They may not have roamed the world like Tintin, but Quick and Flupke, the incorrigible Brussels street urchins conjured by Hergé in 1930, are getting their moment in the spotlight.
A new exhibition opened on Thursday, author Hergé’s birthday, at Galerie Champaka peels back the pages on these overlooked icons of the ligne claire tradition, offering a rare glimpse of the original drawings that gave life to their slapstick exploits and sly social satire.
Titled Quick and Flupke, The Kids From Brussels, the show assembles original ink boards and long-lost comic pages, some retrieved from deep in the Hergé archives. They reveal the deft draftsmanship that made Hergé a master of visual storytelling, timing and mischief.
Quick, the more impetuous of the two, and Flupke (a Flemish diminutive of Philippe), his loyal partner in chaos, navigate the soot-stained streets of Brussels armed with marbles, slingshots and an inexhaustible capacity to disrupt adult decorum.
Policemen – in particular, Agent 15, who recalls the Thom(p)son twins – pompous civil servants, and hapless motorists are their frequent targets and victims. What emerges is a lovingly rendered portrait of boyhood misrule, drawn with a clarity that remains fresh nearly a century on.
Though often dismissed as Hergé's lesser creation, Quick and Flupke were a technical laboratory. The two-page gag format allowed Hergé to experiment with pacing, layout, and physical humour. They first appeared in 1930, just a few months after Tintin’s creation in the same Le Petit Vingtième comic supplement. But the strips about the trouble-seeking rapscallions were the antithesis of valiant Tintin’s globetrotting adventures.

Quick and Flupke exhibition. Credit: The Brussels Times / Leo Cendrowicz
Quick and Flupke are associated with the Marolles, the working-class neighbourhood in central Brussels (Galerie Champaka, next to the Sablon, is close by), but Hergé also puts them in Ixelles and Etterbeek, where he grew up. Apart from one trip to Scotland, the universe in their 317 strips remains in Brussels. They stand as emblematic figures of a specific Brussels: trams clatter by, newsboys yell headlines, and the comic’s Franco-Flemish language play adds local flavour.
Unlike Tintin, Hergé gave real-life references to the strips, namechecking the Ommegang, Dilbeek, the Saint-Pierre Hospital and designer Emile Vandervelde. The exhibition includes some of his lampooning of the dictators of the day, with the boys dressing up as Adolf Hitler and Benito Mussolini.
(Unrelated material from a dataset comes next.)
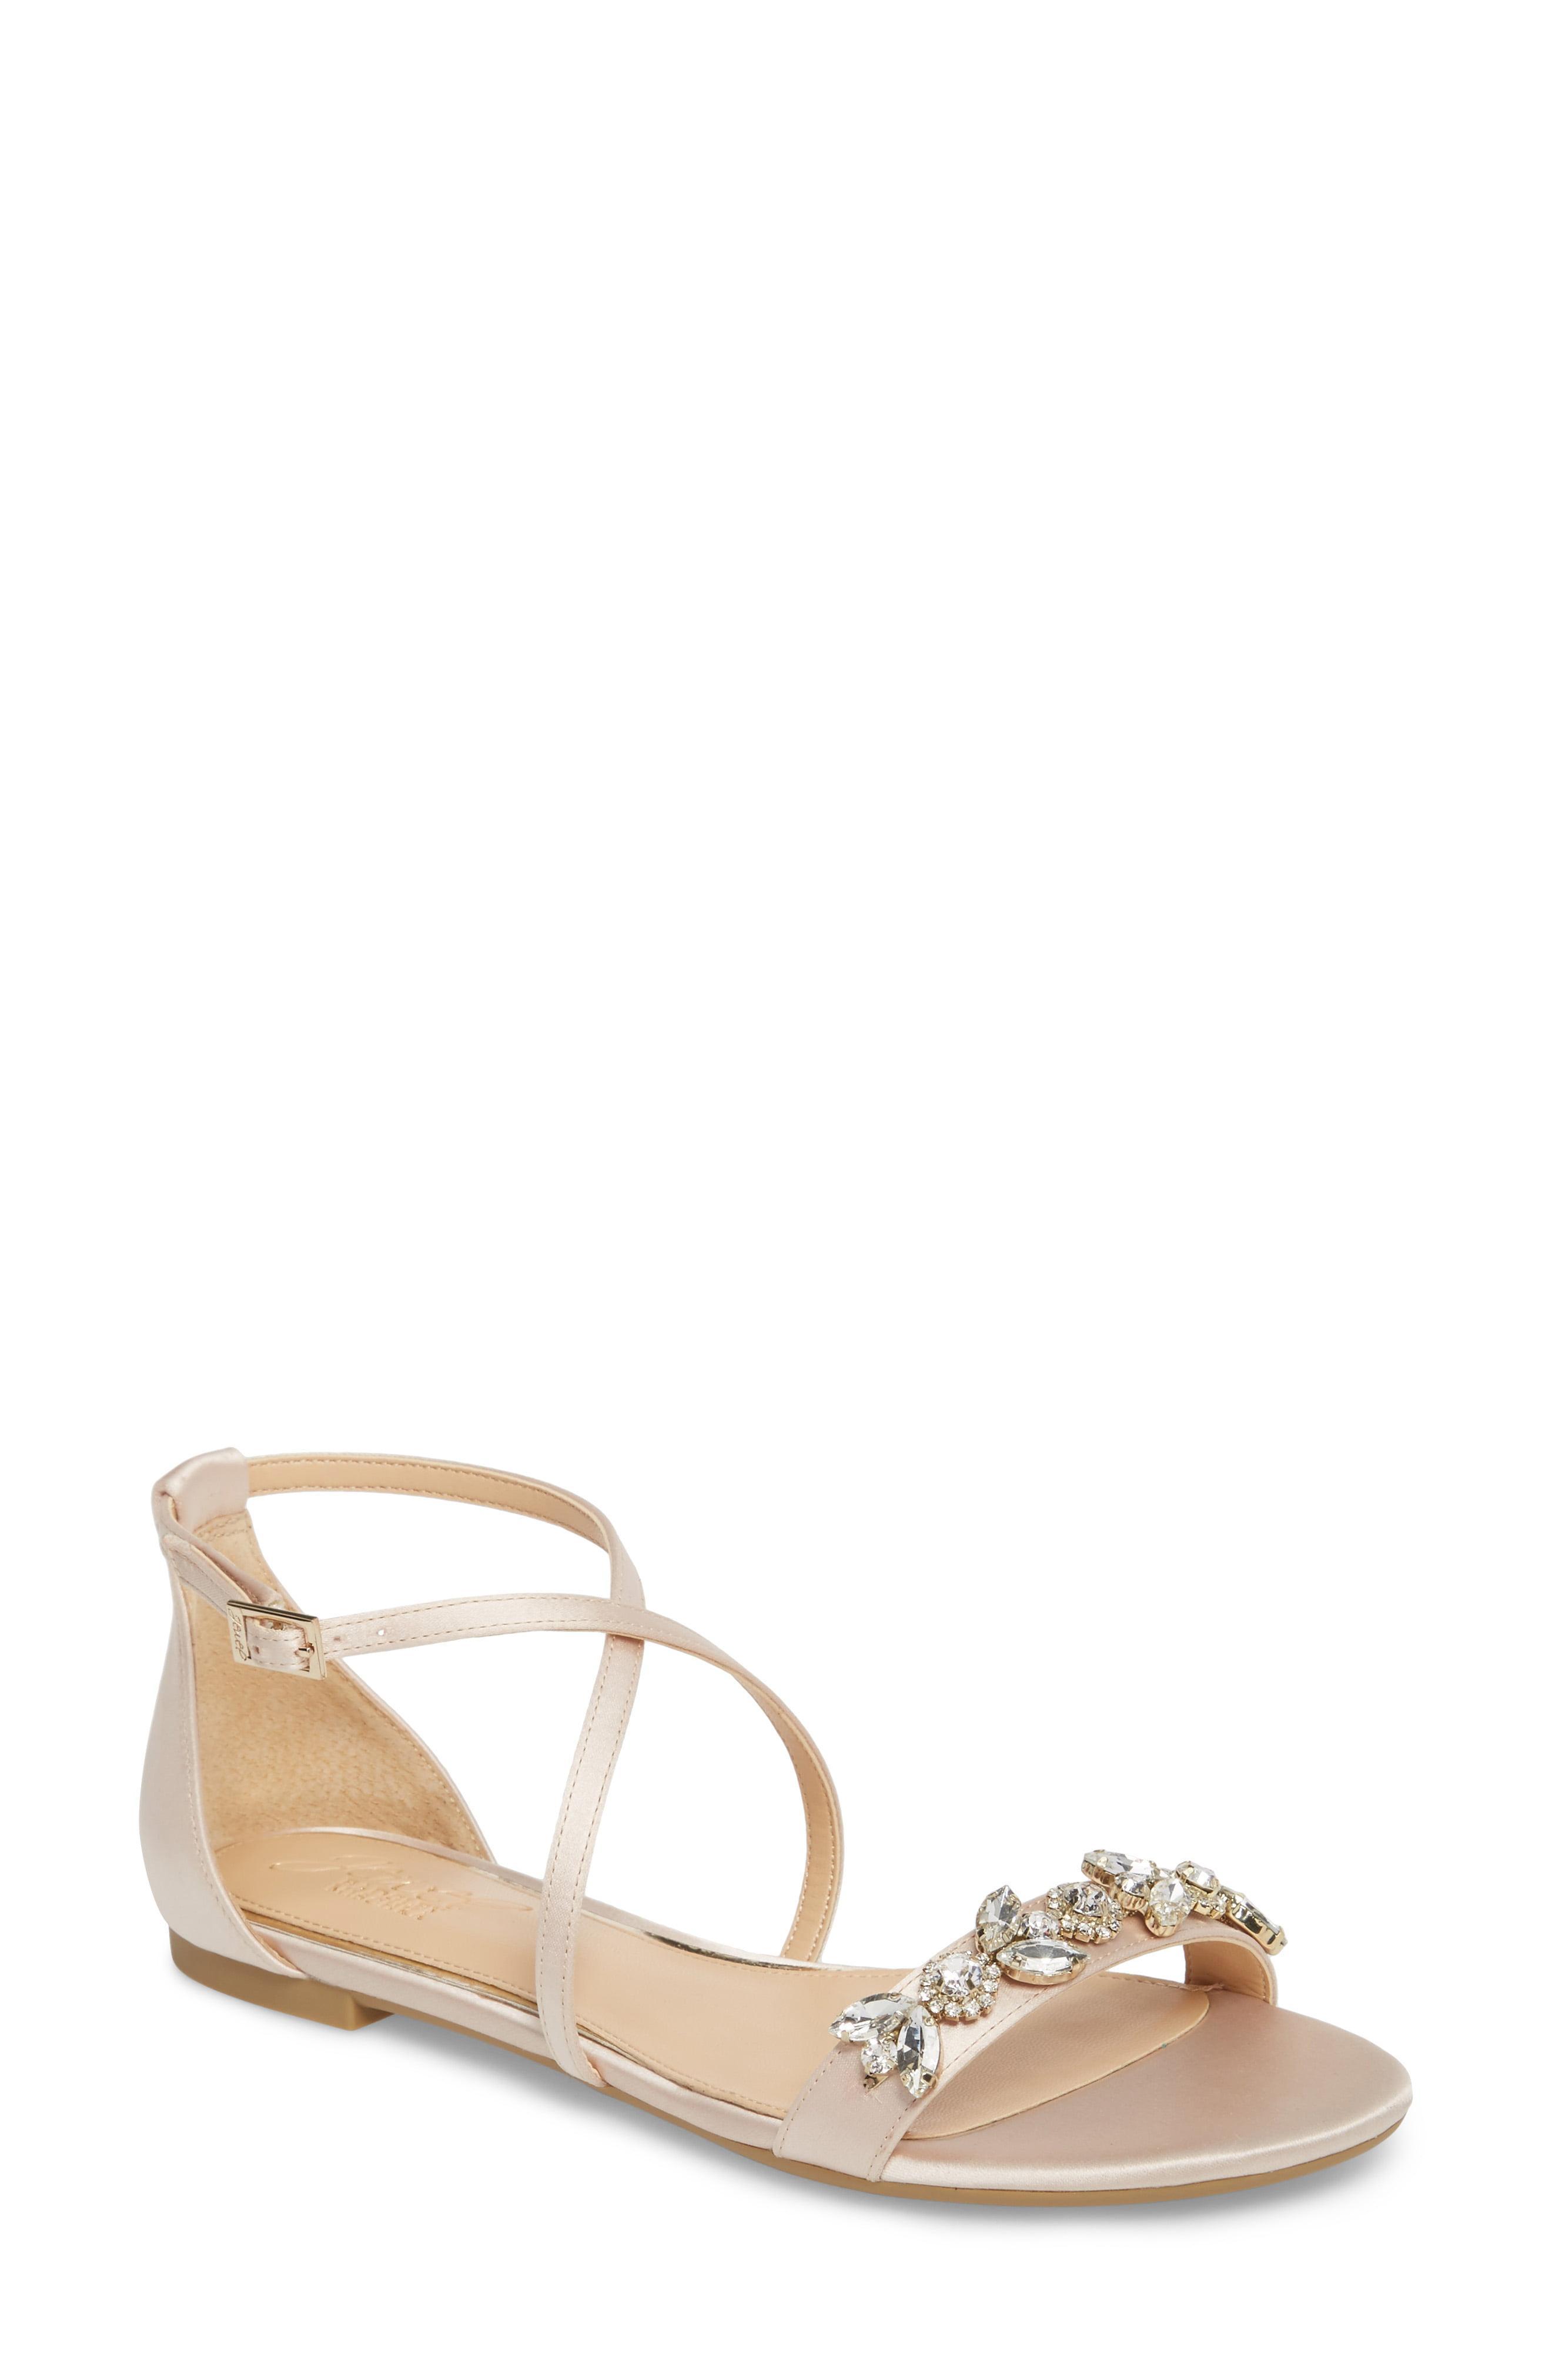 446a518a2 Lyst - Badgley Mischka Tessy Embellished Sandal in Metallic

After the Nazi invasion of Belgium in May 1940, Le Petit Vingtième closed, and Hergé all but ended the series. However, he recreated some of their previous exploits, for the Dutch daily newspaper Het Algemeen Nieuws, the new Tintin magazine, and a series of pocket albums.
"There are Tintinologists, but where are the Quickologues or Flupkians?" says archivist and author Dominique Maricq. "Herge let his more fantastical and spontaneous ideas flow into Quick and Flupke. They are the essence of ‘Belgitude’ in a two-page format."